In this subsection, to verify the feasibility of our method, we conduct experiments on several different public benchmark datasets. They are the KPI and NAB datasets that are often used to perform experiments in time series anomaly detection. Normal and abnormal are already marked in these datasets. The KPI dataset is from the AIOps Challenge held by Tsinghua University in 2018 [29]. Many Internet companies monitor the data generated by various performance indicators in order to ensure the stability of web services, such as CPU usage and server health, and other performance indicators. We randomly selected two time series from the KPI dataset for experiments. The NAB dataset, provided by artificial neural network company Numenta, contains a variety of streaming data in real-time applications, consisting of multiple labeled real-world and artificial time series data files. We selected the CPU usage of Amazon Web Services (AWS) servers and AWS EC2 servers collected by the Amazon Cloudwatch service as our dataset. Table 4 lists the data such as size, mean, standard deviation, and anomaly ratio of the four datasets, and it can be seen that these four datasets are significantly different. We divided each data set into two parts: training set and test set, because our model needs to use normal data to train, so we removed the abnormality in the training data and got normal data. Outliers in the test set are reserved for testing.

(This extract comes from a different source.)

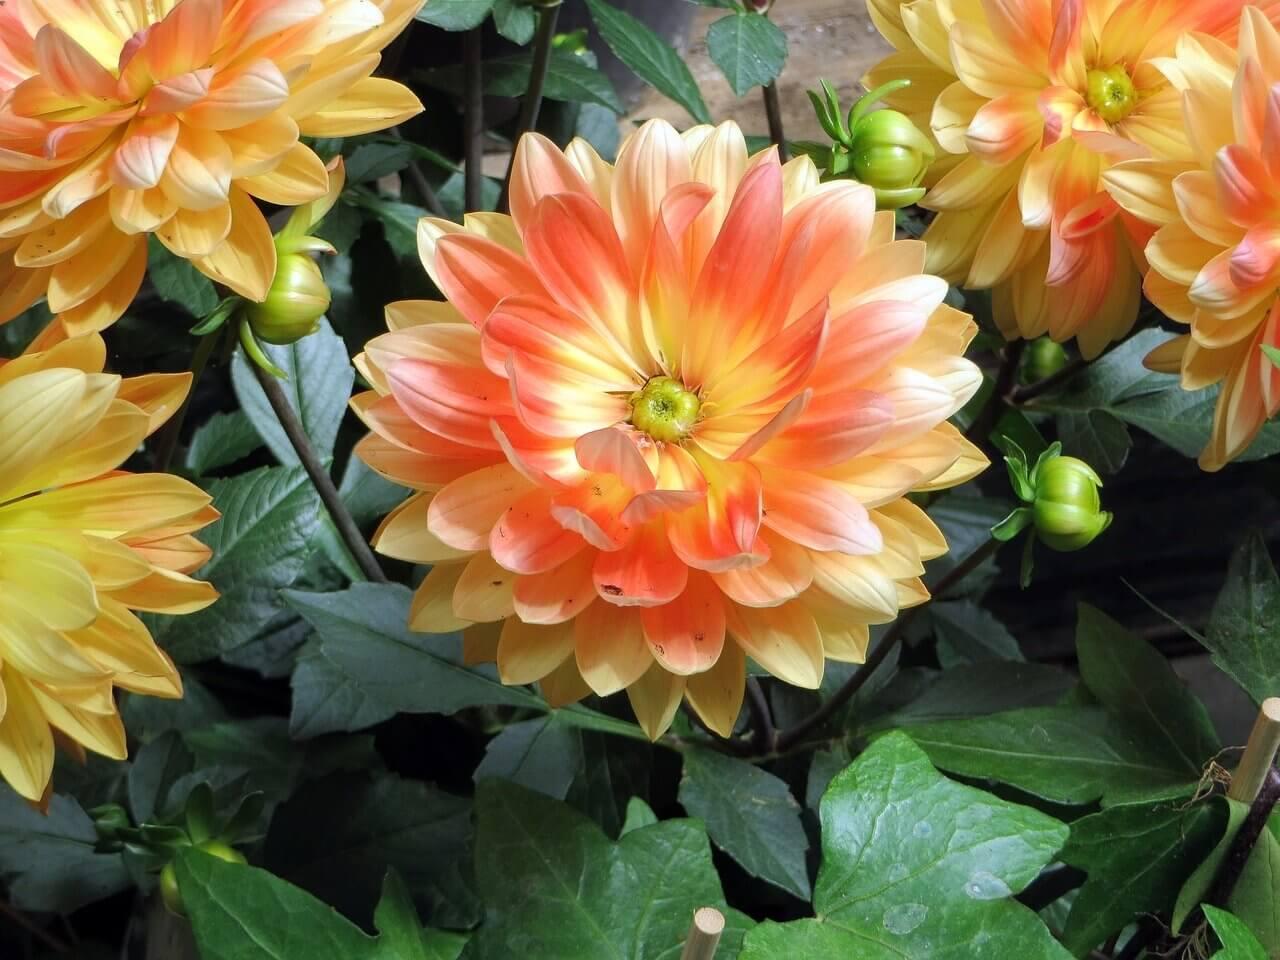 Kerti munkák májusban: Gumós virágok

Table 5 shows the experimental results. It can be clearly seen that our method outperforms other methods on these four public datasets. The accuracy of our model on these datasets is different. The F1-score of most datasets is above 0.9, and most datasets have achieved a 100% recall rate, which indicates that the number of false negatives is low. Because of the diversity of KPI and NAB datasets, some are cyclical, and some are unstable and fluctuating. This proves that our method performs well, can also detect different types of data anomalies, and has good generalization ability.

5. Conclusion

In this paper, we propose VAE-based MHSA-LSTM, an unsupervised deep learning-based method for anomaly detection in time series. The method can be divided into two stages. One is the model training stage. First, the variational autoencoder model is pretrained, and the features of normal data are learned, which can form stable local features in each window. The second is the anomaly detection stage, which uses the learning ability of the LSTM model for temporal representation and the feature extraction ability of the self-attention mechanism to identify anomalies based on the anomaly scores of the sample reconstruction calculation window. The VAE-based MHSA-LSTM combines encoder-decoder, generator, and multihead self-attention mechanism, which can detect all types of anomalies more comprehensively, quickly, and accurately. In the experimental part, we apply VAE-based MHSA-LSTM to the QAR dataset generated by real-world flights. Compared with several other classical reconstruction-based time series anomaly detection methods, the results show that our method has a better effect. In addition, we also applied our method on other public datasets with stable results.

Although our method achieves good performance and can accurately detect anomalies, there are still some limitations. Our model needs to be trained on the training data before anomaly detection, and the training set must ensure that there is no abnormal data. This presents some difficulties with the collection and processing of data. Therefore, in the future, we will explore the space for further development based on some of the ideas presented in this article.

Data Availability

The data used in this study are available from the corresponding author upon request.

Conflicts of Interest

The authors have no conflicts of interest to declare that are relevant to the content of this article.

Acknowledgments

This work was supported by the project of Natural Science Foundation of China (Nos. 61402329 and 61972456) and the Natural Science Foundation of Tianjin (Nos. 19JCYBJC15400 and 21YDTPJC00440).